Please set down, with no changes, every line of the material below from the one containing "Set Sail on Naragansett Sound (8x8) 00093" through the end. Skip the pictures.

DATA EXCERPT
--*--

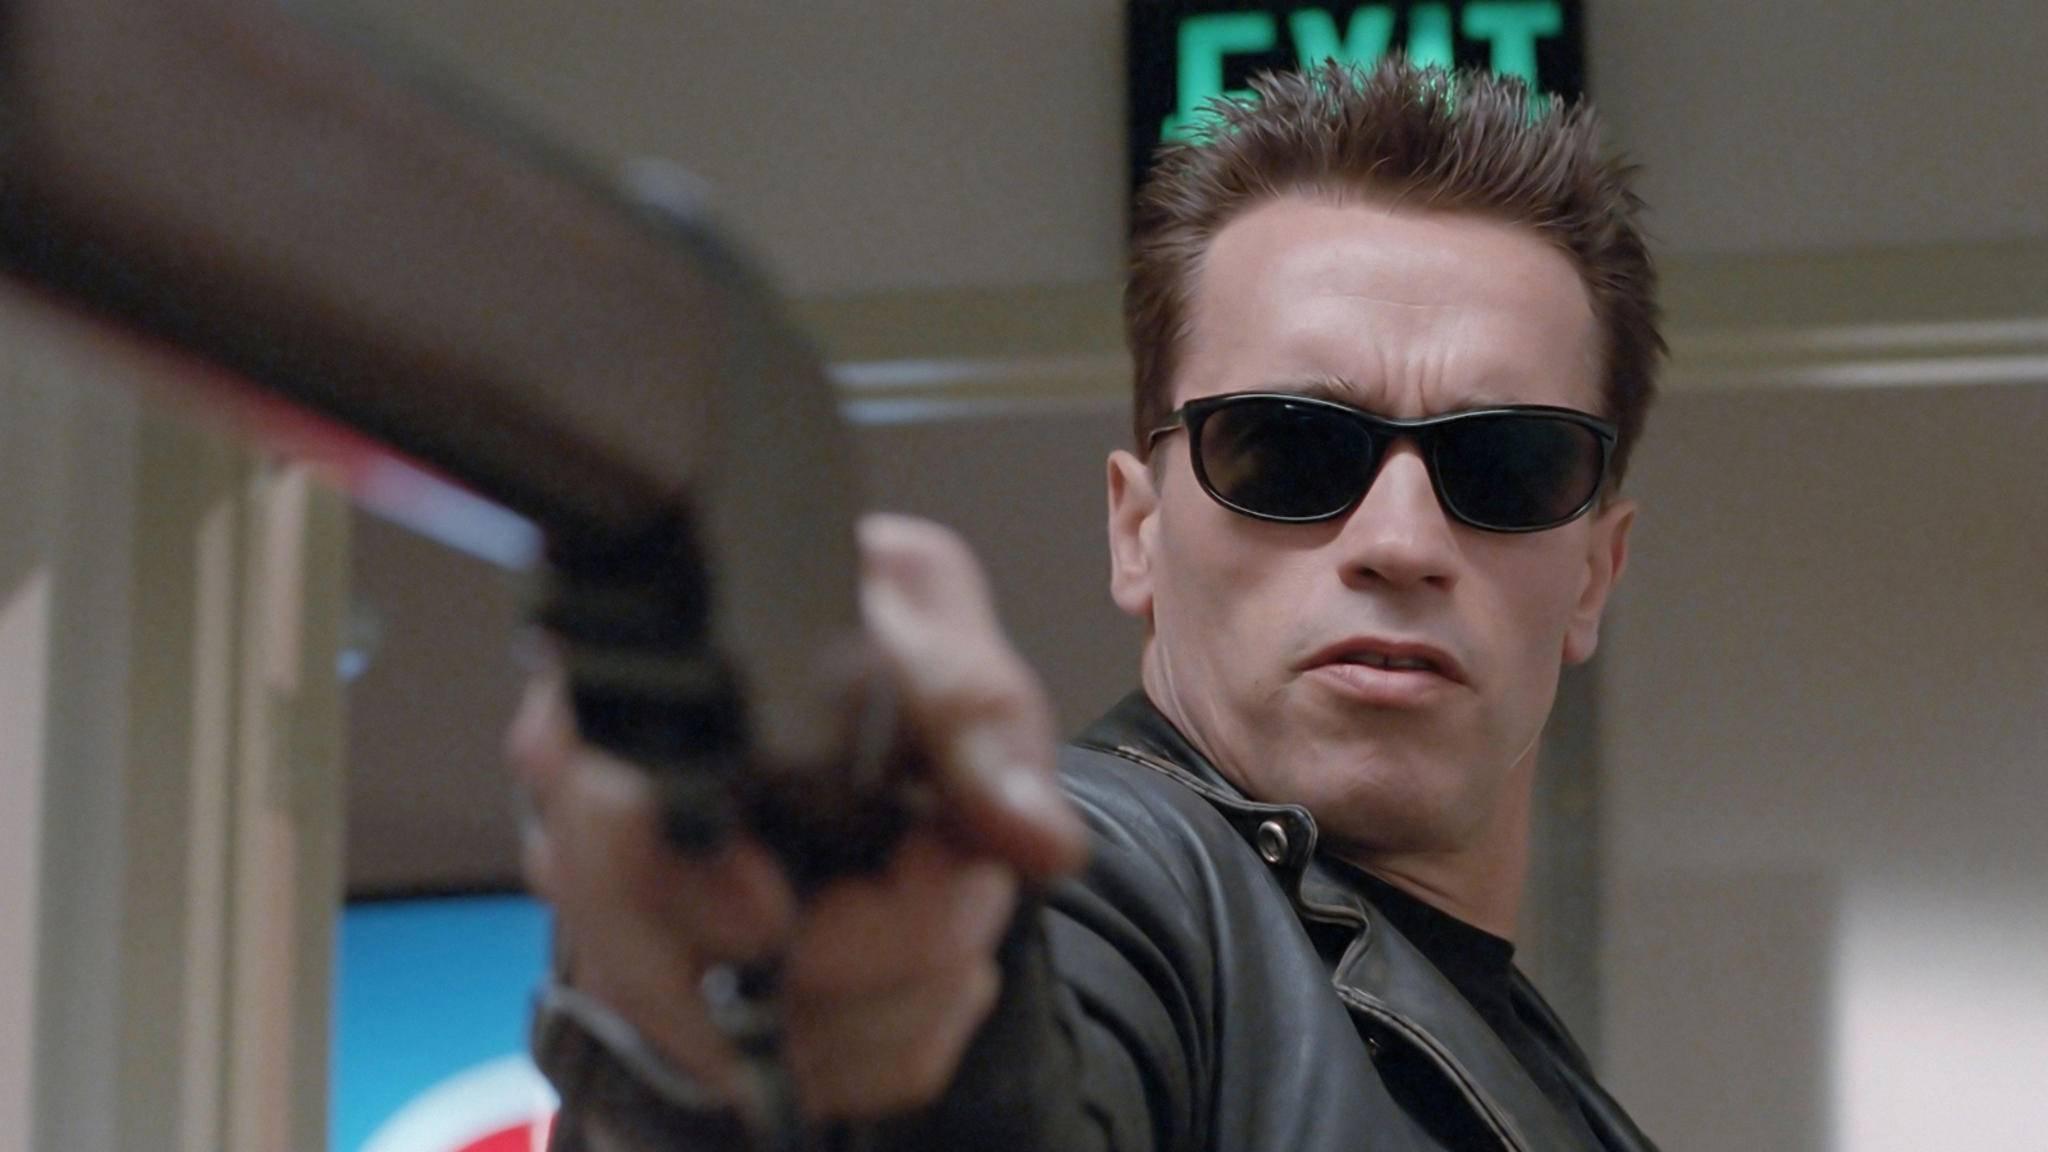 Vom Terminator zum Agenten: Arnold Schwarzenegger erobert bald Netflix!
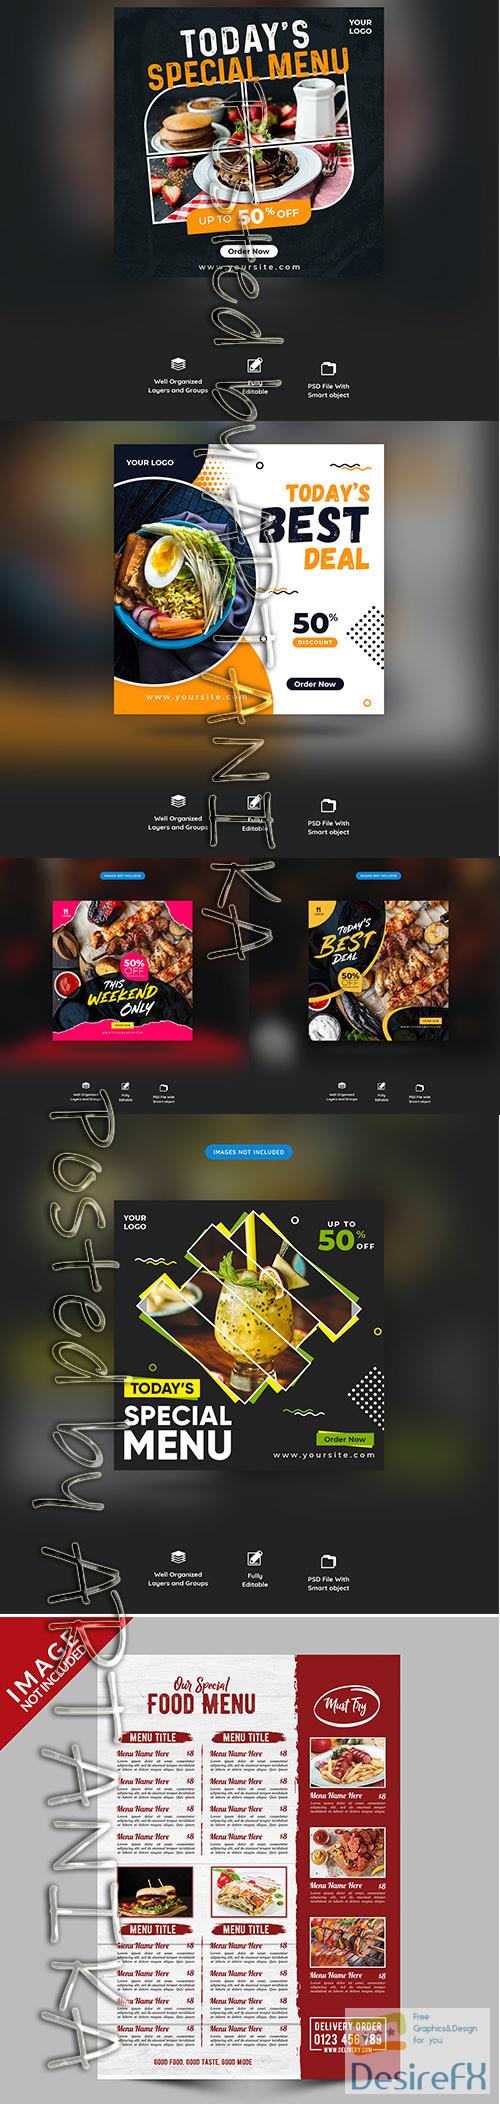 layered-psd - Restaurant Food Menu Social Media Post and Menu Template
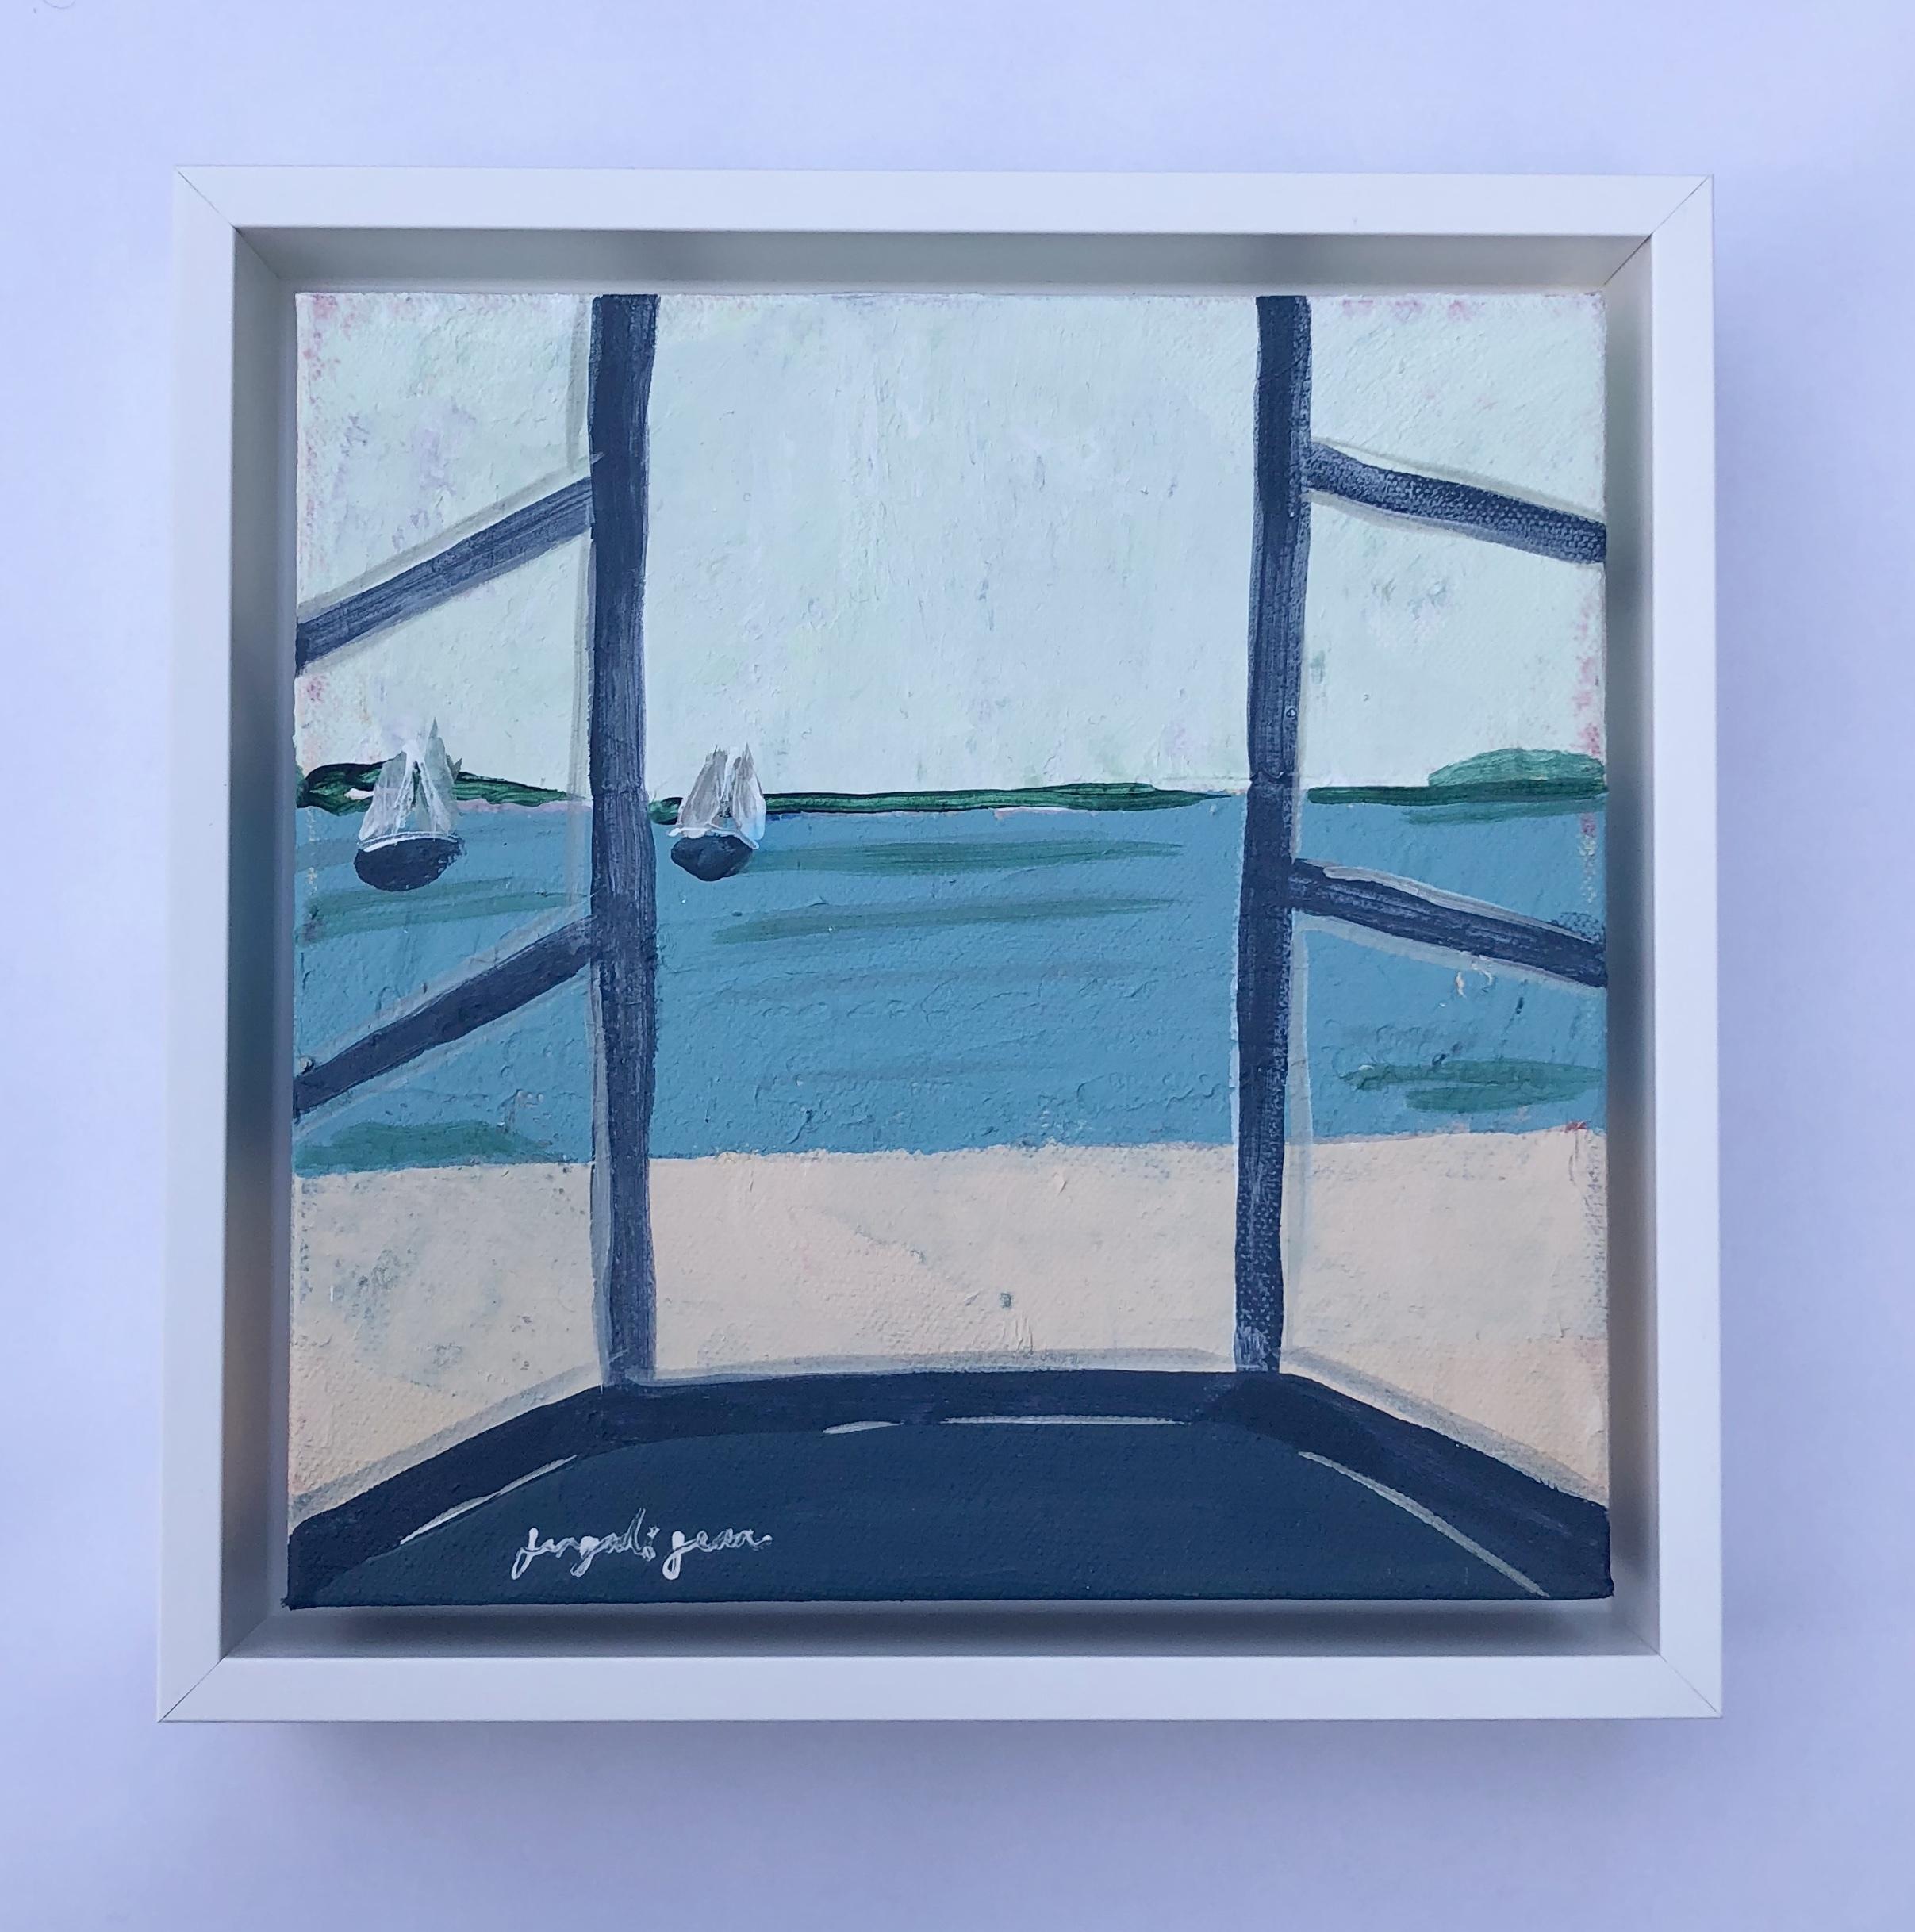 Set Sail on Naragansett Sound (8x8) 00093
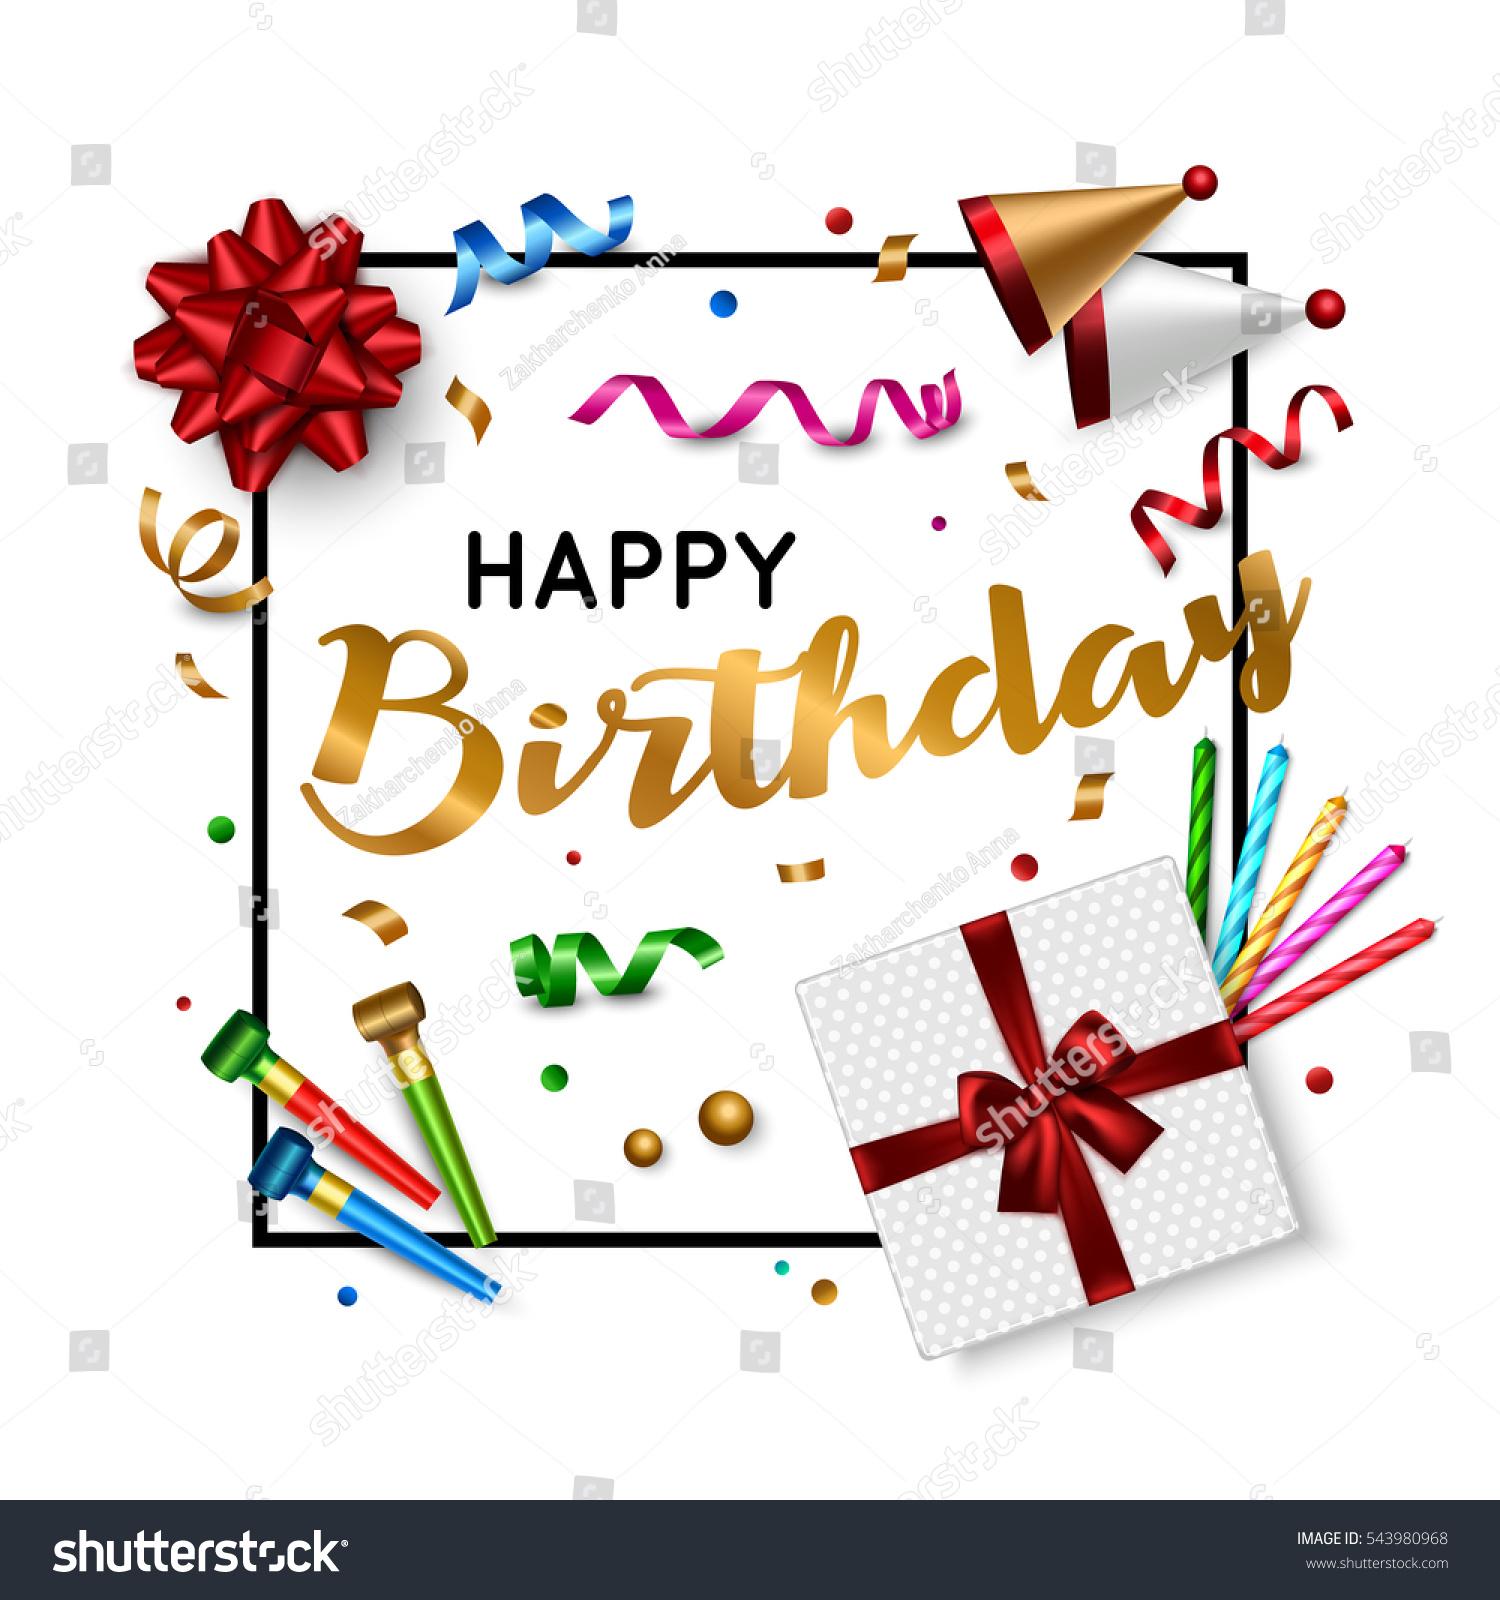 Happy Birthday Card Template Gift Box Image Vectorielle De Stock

--*--

TASK RESPONSE
 Set Sail on Naragansett Sound (8x8) 00093
 Happy Birthday Card Template Gift Box Image Vectorielle De Stock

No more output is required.